The present invention relates to an insulated multiwire electric cable having protected, solderable and non-heat-sealing conductors.
Some cables for aeronautics for example are formed of plies of electric conductors protected by a metal cover and insulated, either by a thermoplastic polymer sheath, or by polyimide tape which may be covered with a sheath of thermoplastic polymer.
The protected electric conductors of known cables are copper wires traditionally coated either with tin, or with silver, or with nickel.
For severe environmental conditions, copper conductors protected by a silver coating are preferably used for the following reasons:
Copper wires protected with tin are not suitable for insulation of the ply by means of a taped coating or a polymer sheath since temperatures of the order of 300.degree.-350.degree. C. causes heat-sealing between the strands of the ply.
This heat-sealing is due to the fact that the melting point of tin is 232.degree. C.
This heat-sealing leads to disadvantages for the cables obtained are not very pliable and, because of the migration of the tin, some zones of the surface of copper conductors are no longer protected by the tin, which leads to deficiencies in solderability and possibilities of corrosion.
Wires protected with nickel have the disadvantage of not being solderable and force the user to carry out crimping or chemical cleaning operations of the nickel for forming connections.
Wires protected with silver are very suitable but they have the disadvantage of being expensive on the one hand and, on the other hand, the protection against electrochemical corrosion of the copper is not ensured since silver does not provide cathodic protection.

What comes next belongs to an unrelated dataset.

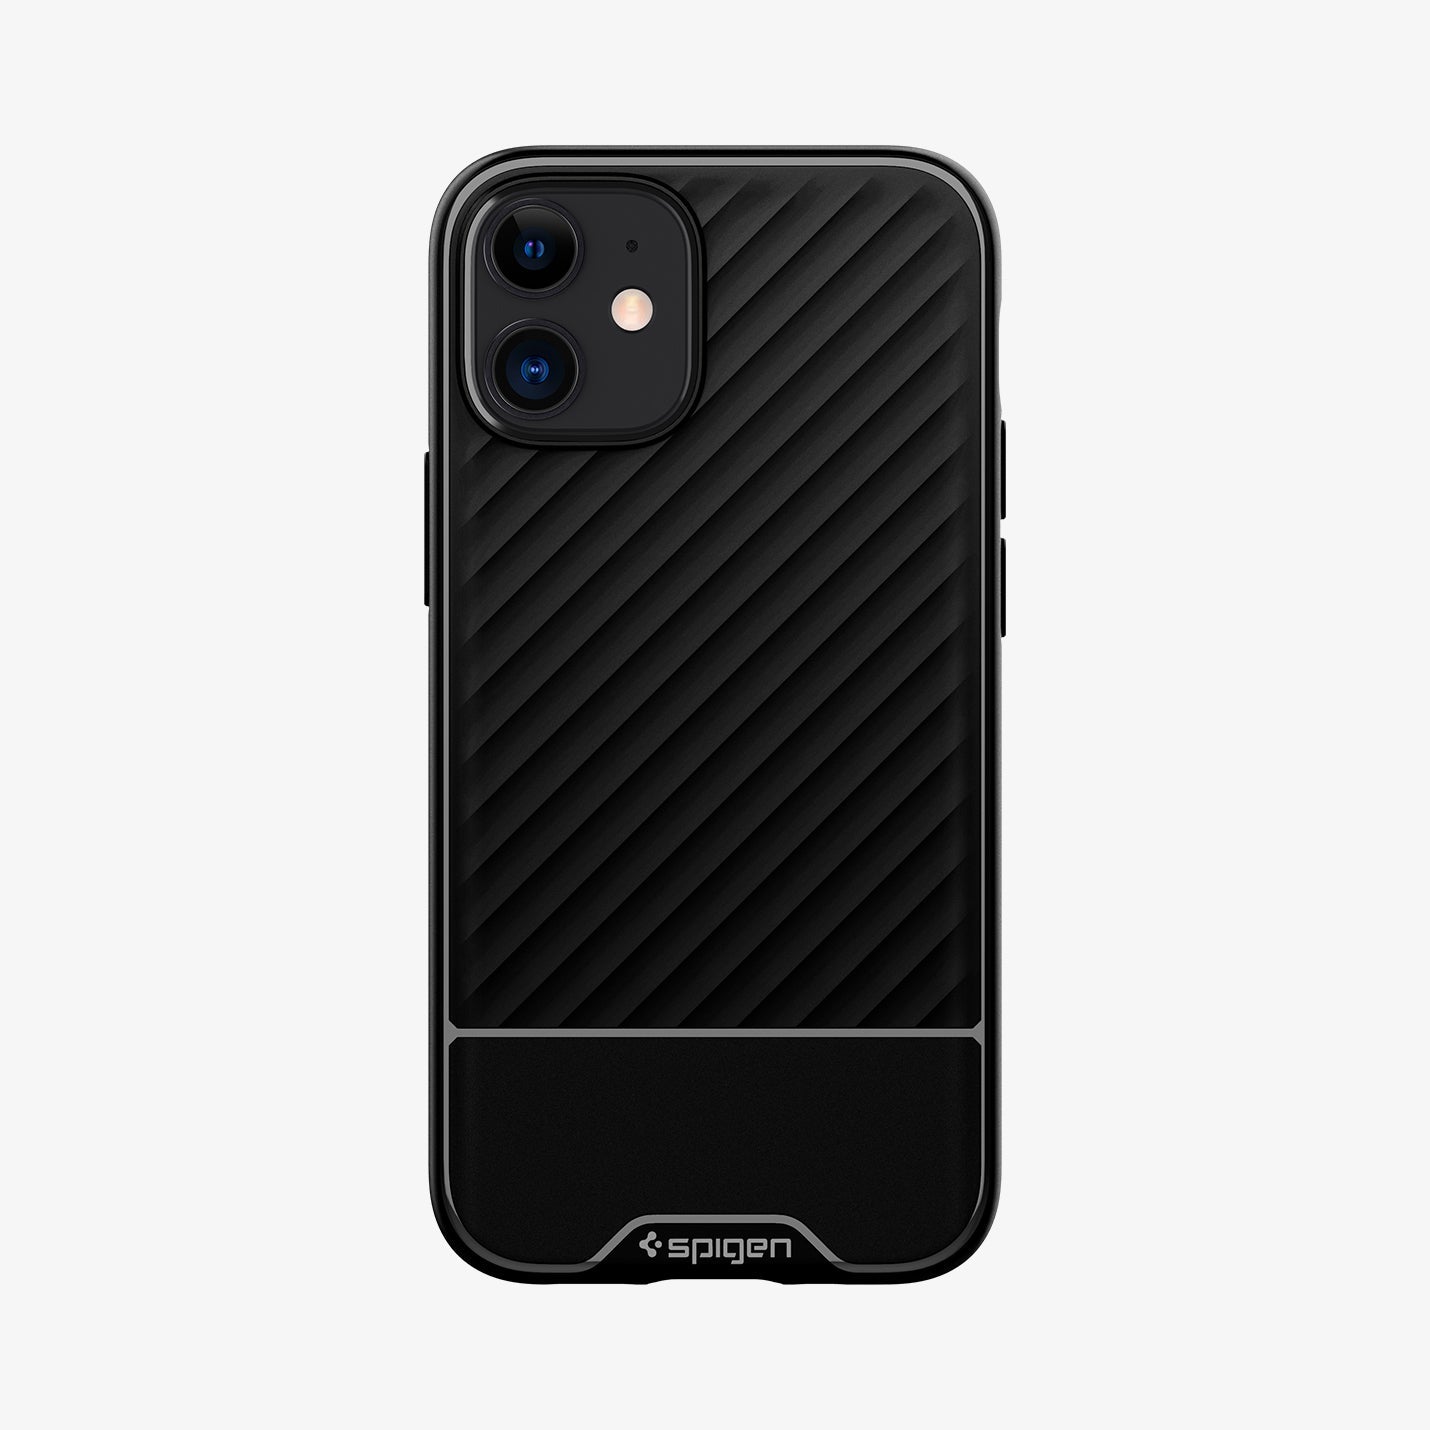 ACS01537 - iPhone 12 Mini Case Core Armor in matte black showing the back

It has been thought that lead protections, a metal whose melting point is 321.degree. C., would seem to be suitable for the cable having solderable and non-heat-sealing conductors, but it has proved that lead has insufficient solderability or brazability when used with a 60/40 tin lead filler alloy and that lead does not wet the copper very well, which does not allow electric wires to be obtained which are correctly protected with lead from the point of view of surface appearance and uniform lead distribution.
Lead alloys such as the one with 30% tin and 70% lead have the disadvantage of being no longer solderable after accelerated aging treatments for 96 hours in air and at a temperature of 155.degree. C. or for 4 hours at 100.degree. C. in steam, in accordance with the tests described in the French standard NFC 20 630 paragraph 2.5.

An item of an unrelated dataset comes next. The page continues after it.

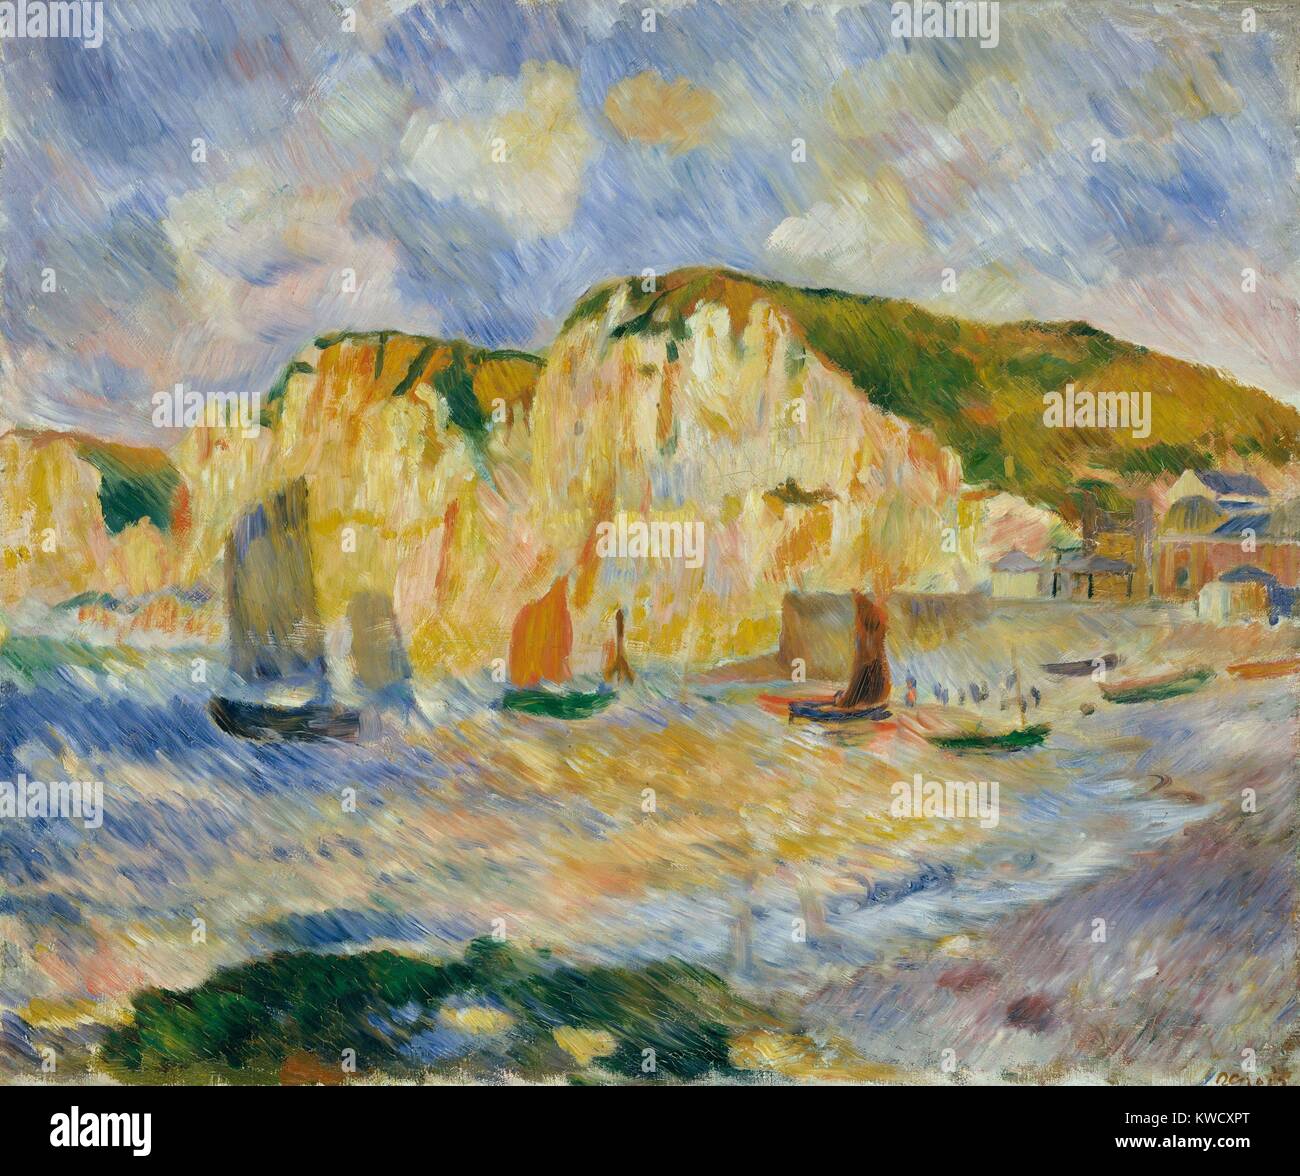 Sea and Cliffs, by Auguste Renoir, 1885, French impressionist painting, oil on canvas. Renoir painted this landscape with strong hatched straight brushstrokes (BSLOC 2017 3 90) Stock Photo

The loss of solderability is due particularly to copper diffusion in the alloy layer which leads to the formation of a type Cu.sub.3 Sn nonsolderable intermetal compound.
Alloys of the lead-silver type have the disadvantage of being sensitive to atmospheric humidity during prolonged storage, which causes a complete loss of solderability.
The result is that it is difficult to have in an alloy both good in solderability after aging for 96 hours at 155.degree. C. in air or for 4 hours at 100.degree. C. in steam, and good wetability by molten alloy for electric conductors.
And yet, for cables having solderable and non-heat-sealing conductors, it is necessary for the solderability to be good after accelerated aging, for its offers a facility of effecting soldering and brazing rapidly even if the storage time of the cables has been more or less long.
It is also necessary for the wetability at a temperature of the order of 35.degree. C. of the alloy to be excellent, if not the metal coatings are offset and the soldering or brazing is defective, the coating of the electric conductor with the alloy being carried out by the hot dip process at a temperature of the order of 350.degree. C.